The answer must consist solely of the lines from the line with "How To Draw Lotus Flower Top View" to the end of the data below, transcribed exactly and with no pictures.
--- EXERCISE DATA Enclosed Below ---
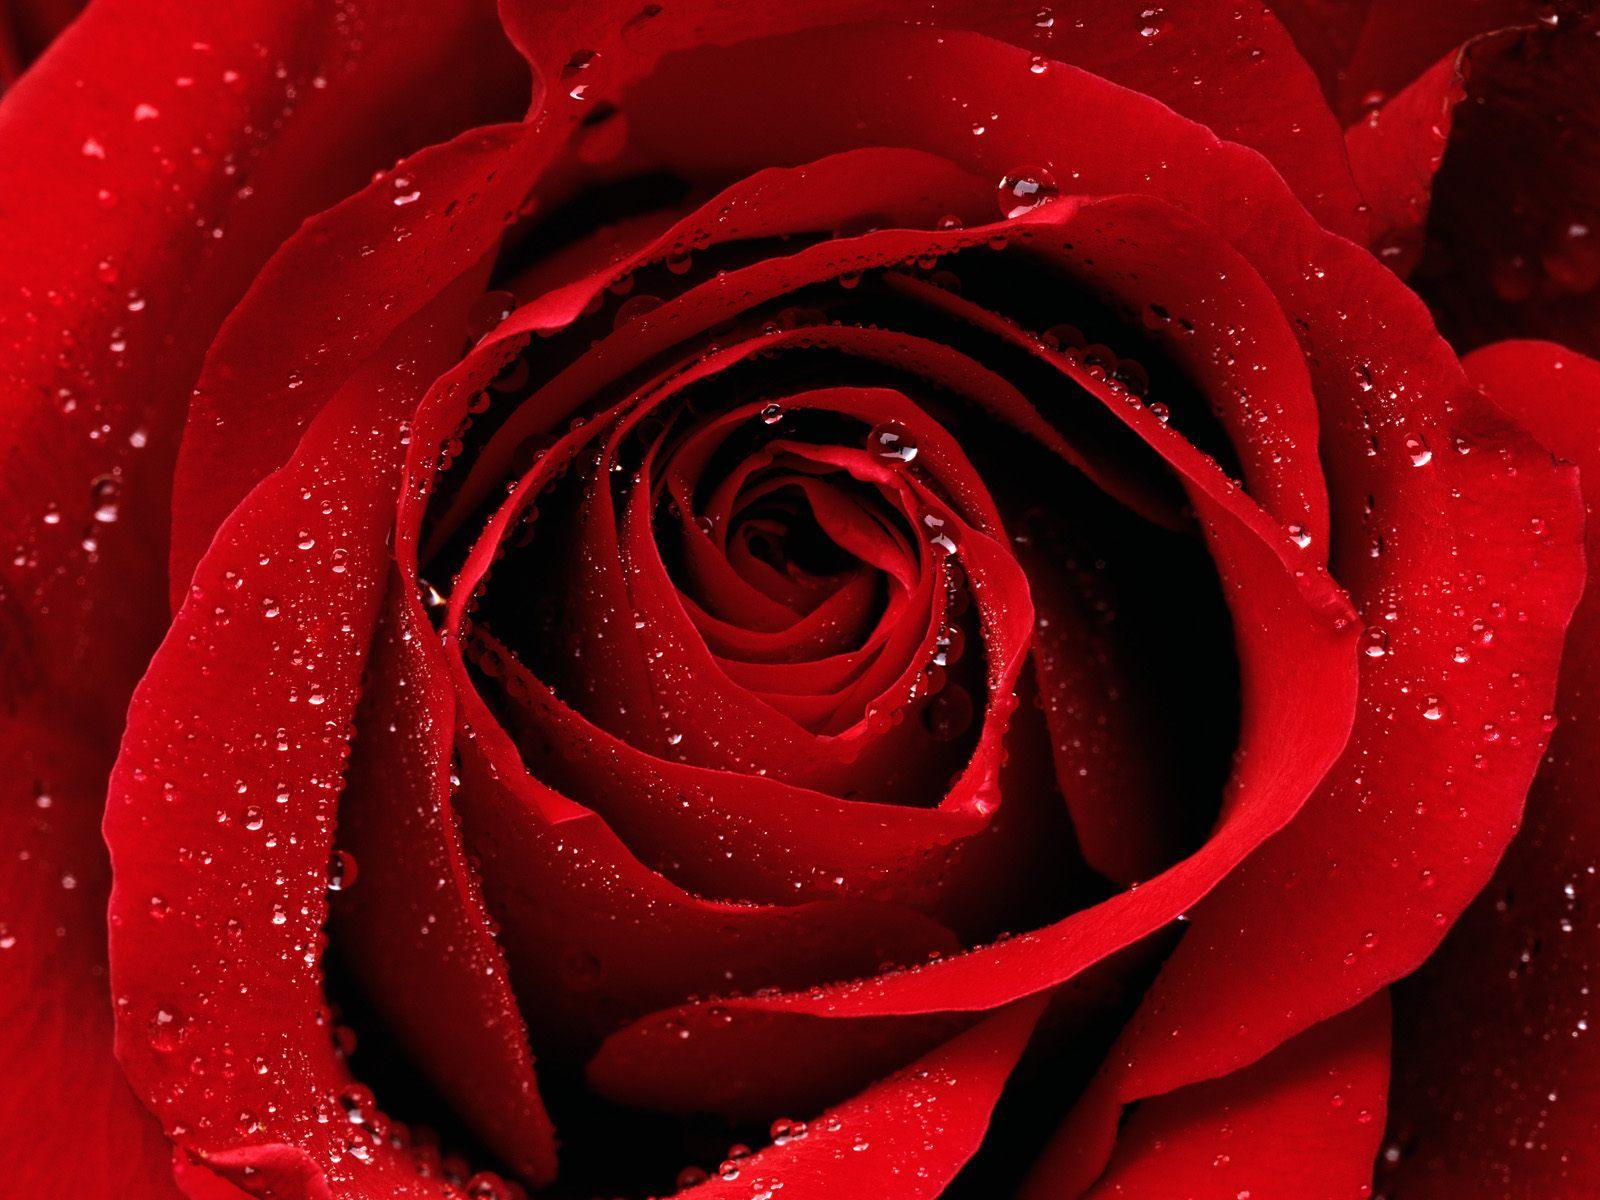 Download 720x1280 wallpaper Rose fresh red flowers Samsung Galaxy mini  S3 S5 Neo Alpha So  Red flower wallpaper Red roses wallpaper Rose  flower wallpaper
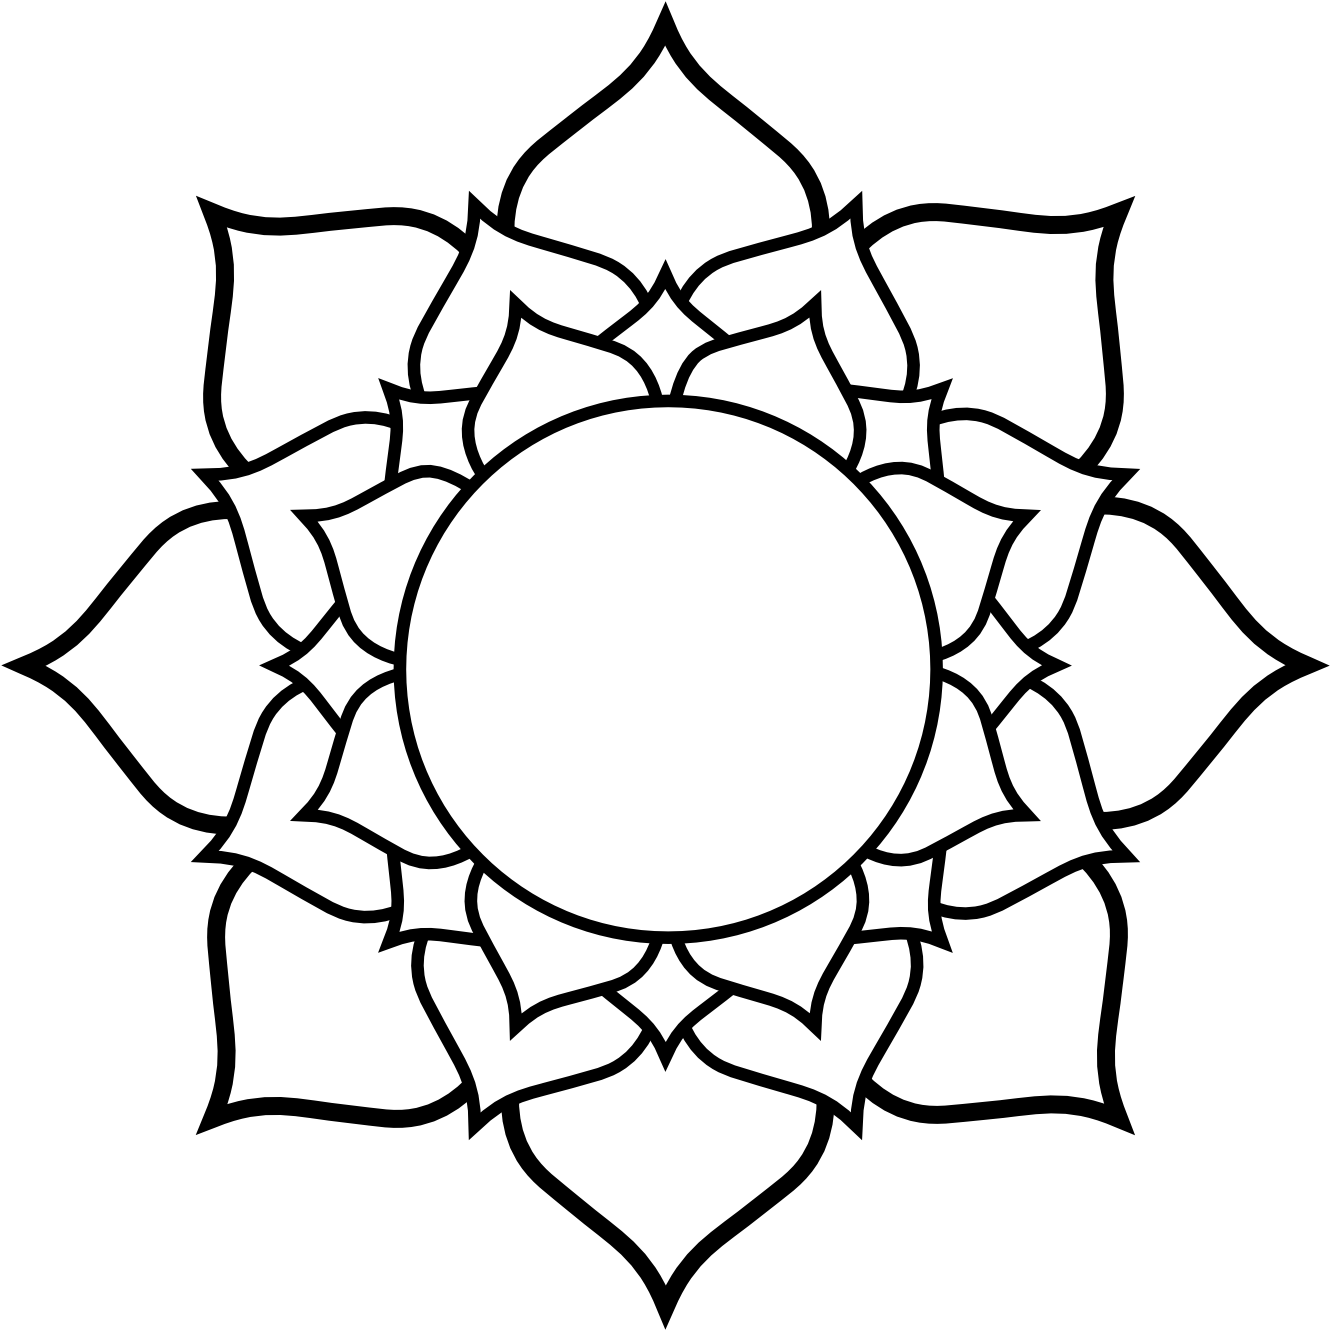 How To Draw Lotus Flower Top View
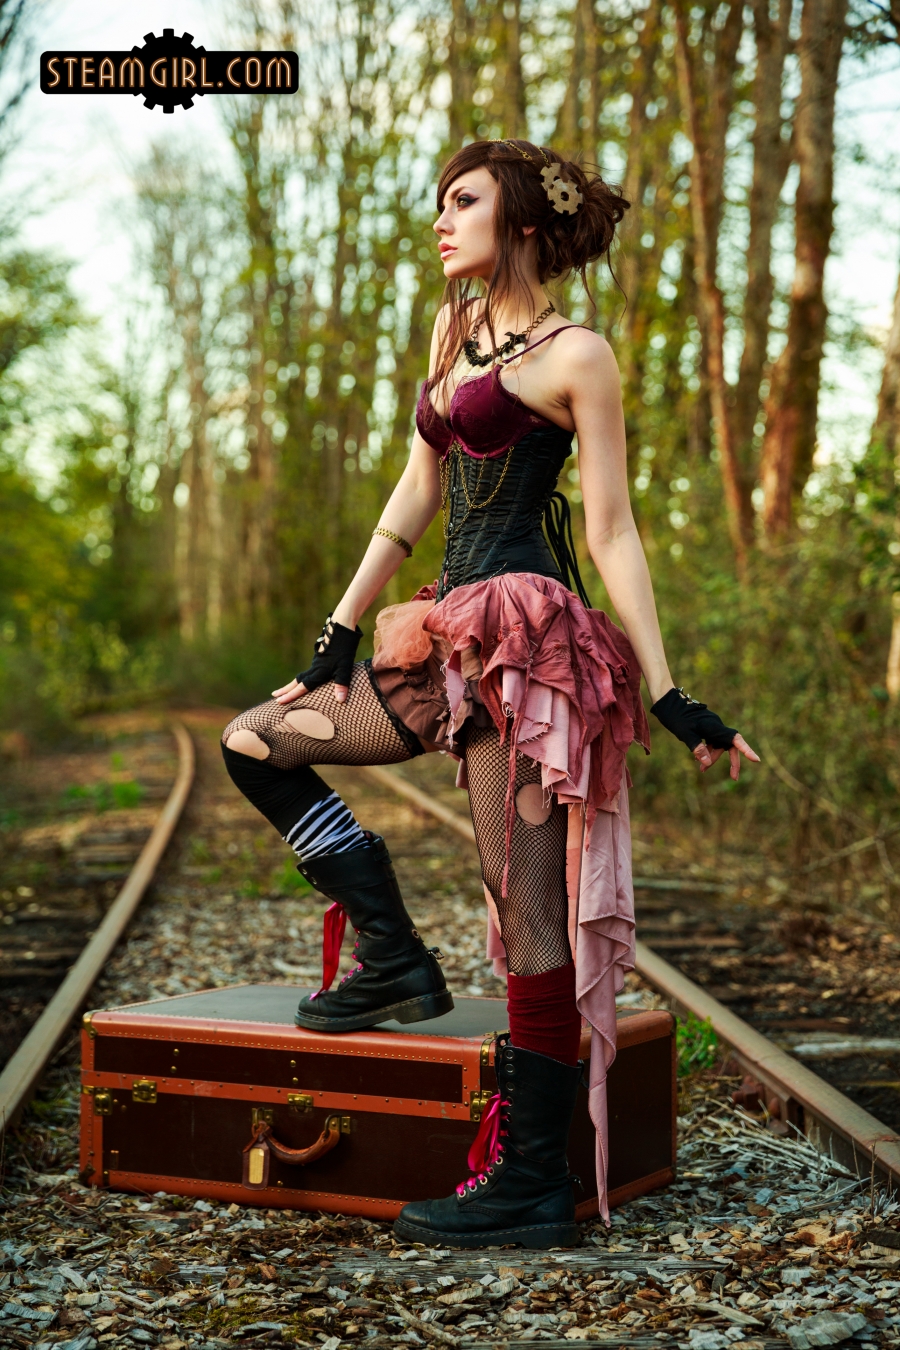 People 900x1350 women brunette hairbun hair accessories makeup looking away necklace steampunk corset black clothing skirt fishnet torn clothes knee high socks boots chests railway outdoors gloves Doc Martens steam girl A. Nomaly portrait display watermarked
--- End of Enclosed EXERCISE DATA ---
» FINISHED EXERCISE:
 How To Draw Lotus Flower Top View
 People 900x1350 women brunette hairbun hair accessories makeup looking away necklace steampunk corset black clothing skirt fishnet torn clothes knee high socks boots chests railway outdoors gloves Doc Martens steam girl A. Nomaly portrait display watermarked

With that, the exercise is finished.